We kennen allemaal wel mensen die last hebben van stemmingswisselingen. En iedereen weet dat er mensen bestaan die deze wisselingen cultiveren en gebruiken om anderen naar hun hand te zetten of ter bevrediging van een verlangen naar aandacht. Succes in dezen kan leiden tot het ontstaan van een niet of nauwelijks nog onder bewuste controle zijnde ‘dubbele’ persoonlijkheid. De ‘dader’ wordt ‘lijder’. Als er dan ook nog een dokter of psychiater bij wordt gehaald die een ‘stoornis’ constateert, is het onbewuste doel bereikt: men is het middelpunt van medische en familiaire zorg geworden. Een weg terug is dan nauwelijks nog mogelijk.
Ontstaan zo de hysterie en ‘dubbele persoonlijkheid’? Is het allemaal aangeleerd gedrag, een uit de hand gelopen spel bedoeld om arts en omstanders te behagen of te choqueren – maar in ieder geval aan zich te binden? Of is er sprake van ‘echte’ gespleten persoonlijkheden? Of lopen de categorieën ‘echt’ en aangeleerd’ voortdurend door elkaar? Het heeft er alle schijn van, want de geschiedenis van het fenomeen ‘meervoudige persoonlijkheid’ is een steeds weer opdoemende en wegstervende modegolf, sterk beïnvloed door de verlangens en verwachtingen van arts en publiek.
Het bekendste voorbeeld van deze golfbeweging is de opmerkelijke verdwijning van de hysterie rond de eeuwwisseling. Deze zette in de jaren ’90 in, onder de ingezetenen van de Parijse inrichting La Salpêtrière, na het overlijden van de geneesheer en beroemdste onderzoeker op dit terrein, Jean-Martin Charcot (1825-1893). Onder diens leiding was La Salpêtrière uitgegroeid tot hét onderzoeksinstituut op dit gebied, en de zalen lagen vol met de meest intrigerende gevallen.
De voornaamste reden voor het verdwijnen van Charcots troetelkinderen lijkt te zijn geweest dat zijn opvolger, Fulgence Raymond, niet in hen geïnteresseerd was. Een andere vooraanstaande arts aldaar, Jules-Joseph Déjerine, die in 1895 aantrad, geloofde al helemaal niet in zoiets als een ‘ziekte’ hysterie. Hij raadde de staf met zoveel woorden aan om in de nabijheid van patiënten niet over hysterie en haar symptomen te praten. Het zou ze maar op gedachten brengen.
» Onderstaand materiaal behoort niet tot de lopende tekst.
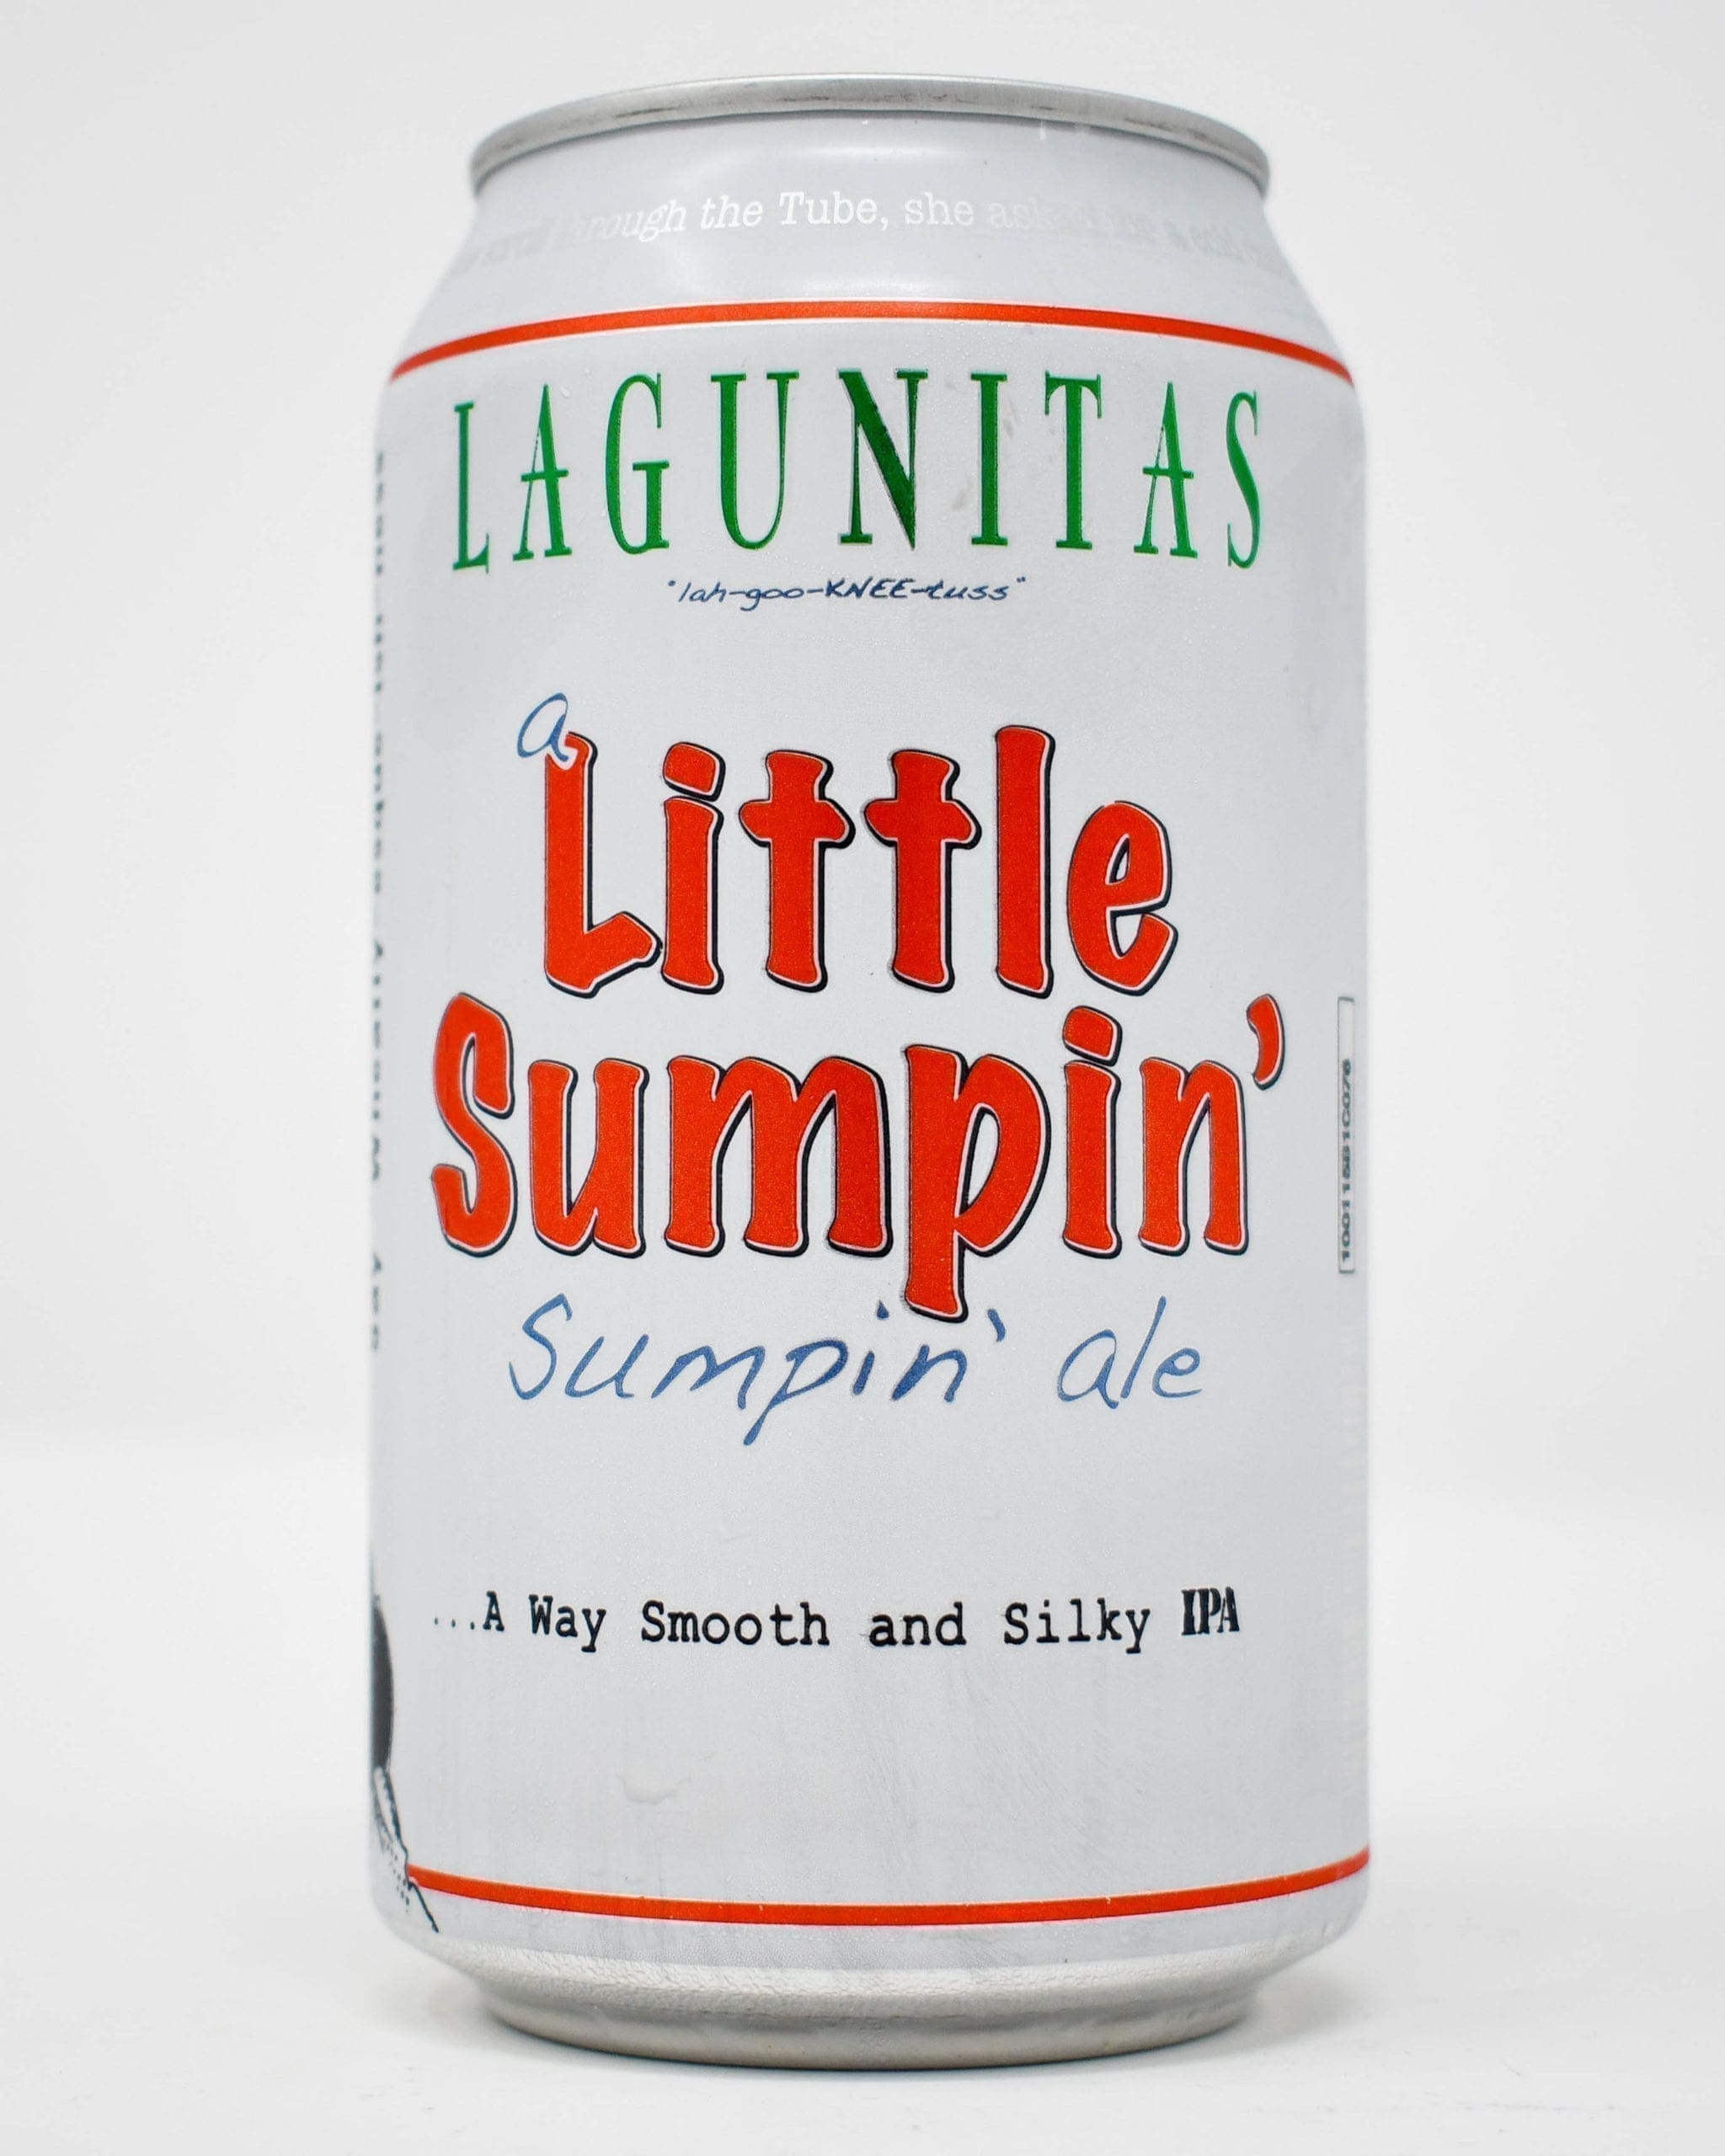 Lagunitas Sumin Sumpin enigszins 19.2 oz kan worden gedaan.

Uiteindelijk was het klimaat in de kliniek zo radicaal omgeslagen dat patiënten (meestal nieuwe, uit andere delen van Frankrijk arriverende gevallen) die een hysterische aanval kregen, door staf én medepatiënten vermanend werden toegesproken. Als Déjerine zijn ronde maakte liet hij hen weten dat zoiets toch zeker niet opnieuw mocht gebeuren.
Menselijke proeftuin
De kwaal werd niet genezen; de symptomen werden gewoon niet langer getolereerd. Het resultaat was een vrijwel volledig verdwijnen van de hysterici uit de annalen van La Salpêtrière. Het was een aanpak waar Charcot zelfs nooit van had kunnen dromen.
Charcot was een man met een missie. Na het behalen in 1860 van zijn agrégation (een diploma dat recht het gaf om te doceren aan de Parijse medische faculteit) vroeg hij om een aanstelling aan La Salpêtrière, een inrichting voor geesteszieken. Een weinig eervolle functie, maar Charcot wist dat hij alleen daar genoeg menselijk materiaal voor handen zou hebben om zijn theorieën te bewijzen. Hij wilde de neurologie moderniseren door de invoering van de in de geneeskunde zo succesvol gebleken ‘anatomisch-klinische methode’. Hierbij werden anamnese (de geschiedenis van de patiënt) en nauwgezette observatie gecombineerd met autopsie (onderzoek na overlijden). Langs deze weg hadden anderen al vele ziekten die altijd op grond van de symptomen op één hoop werden gegooid uiteen gerafeld, en Charcot leverde op die manier gedurende de jaren ’60 verscheidene belangrijke bijdragen aan de neurologie.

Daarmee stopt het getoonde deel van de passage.